4. What are the main arguments that these campaigners are using. Make a list of these arguments.
5. For each of the arguments above say why you think they may be false.

The legal definition of Mental Deficiency in the 1913 Act was as follows.
IDIOTS – persons in whose case there exists mental defectiveness of such a degree that they are unable to guard themselves against common physical dangers.
IMBECILES – persons in whose case there exists mental defectiveness which, though not amounting to IDIOCY, is yet so pronounced that they are incapable of managing themselves and their affairs. Or, in the case of children, of being taught to do so.
FEEBLE-MINDED – persons in whose case there exists mental defectiveness which, though not amounting to IMBECILITY, is yet so pronounced that they require care, supervision and control for their own protection or for the protection of others. Or in the case of children, that they appear to be permanently incapable by reason of such defectiveness of receiving proper benefit from the instruction in ordinary school.
MORAL DEFECTIVENESS – persons in whose case there exists mental defectiveness coupled with strong vicious or criminal propensities and who require care, supervision and control for the protection of others.

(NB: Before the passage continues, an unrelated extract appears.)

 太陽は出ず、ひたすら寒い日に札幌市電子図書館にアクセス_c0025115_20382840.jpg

6.What problems do you think administrators might have implementing this definition?

The new Intelligence measuring system developed by Binet, which tried to classify all the variety and richness of human thinking in one measure the Intelligence Quotient, was promoted as a way of classifying the various grades of mental deficiency.
Mild Mental Retardation
IQ = 50 to 70

Moderate mental retardation
IQ = 35 to 49
synonyms: imbecile; moderate mental subnormality
Severe mental retardation
IQ = 20 to 34
synonym: severe mental subnormality
Profound mental retardation
IQ under 20
synonyms: idiocy; profound mental subnormality

7. Listen to Lee Humber IQ http://www.pulse-project.org/node/495

8. What are the difficulties with trying to measure general intelligence?

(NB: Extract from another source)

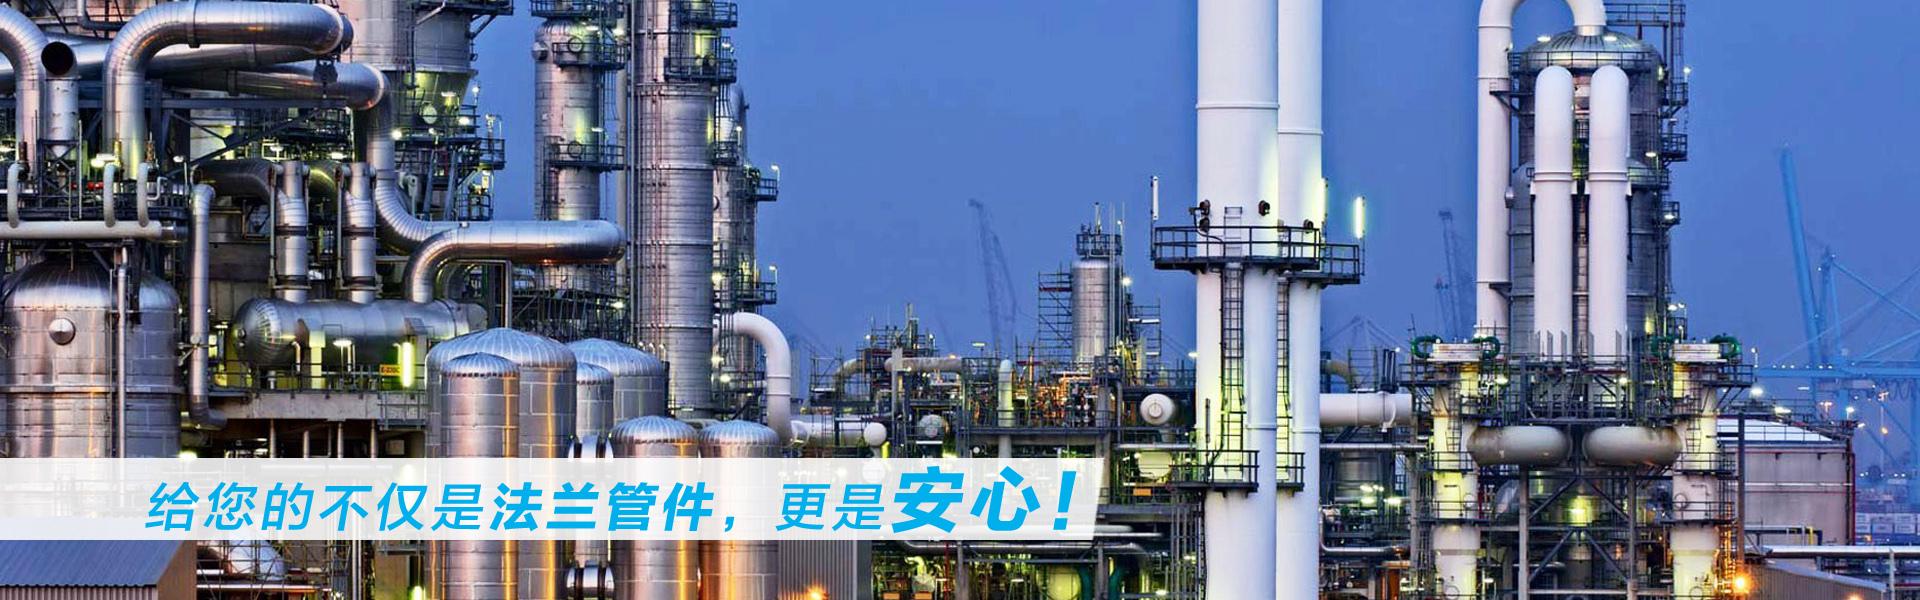 肇慶市高要新中石化管道配件有限公司屬特種設備行業協會會員單位,聯系方式0758-8178335,13580646481黃小姐,歡迎您的到來!

In practice it was after the 1914-1918 War that Local Authorities started to really implement the mental deficiency Act by building many long stay colonies and hospitals and rounding up the mentally deficient and placing them there for life. Between 1920 when 10,000 people with learning difficulty were in institutions and 1946 when 60,000 were in institutions

9.Meanwood Park was built on the outskirts of Leeds in 1919 eventually housing 2000 inmates. Go to the website and read accounts http://www.meanwoodpark.co.uk/ and watch 7 minute film http://www.youtube.com/watch?v=cYcQMpDQeng&feature=player_embedded

10. Often people who were deaf or had cerebral palsy were incarcerated. Imagine you are one such person. Now write a letter to the Prime Minister as a person who was forcibly taken to Meanwood Park asking to be released and your reasons.

Endnotes
i. http://www.meanwoodpark.co.uk/a-resource/the-care-and-control-of-the-feeble-minded/
ii. The above classification can be compared to the following analysis of mental retardation in the International Classification of Diseases (9th revision – 1975): (Mental retardation is defined as intellectual impairment starting in early childhood.)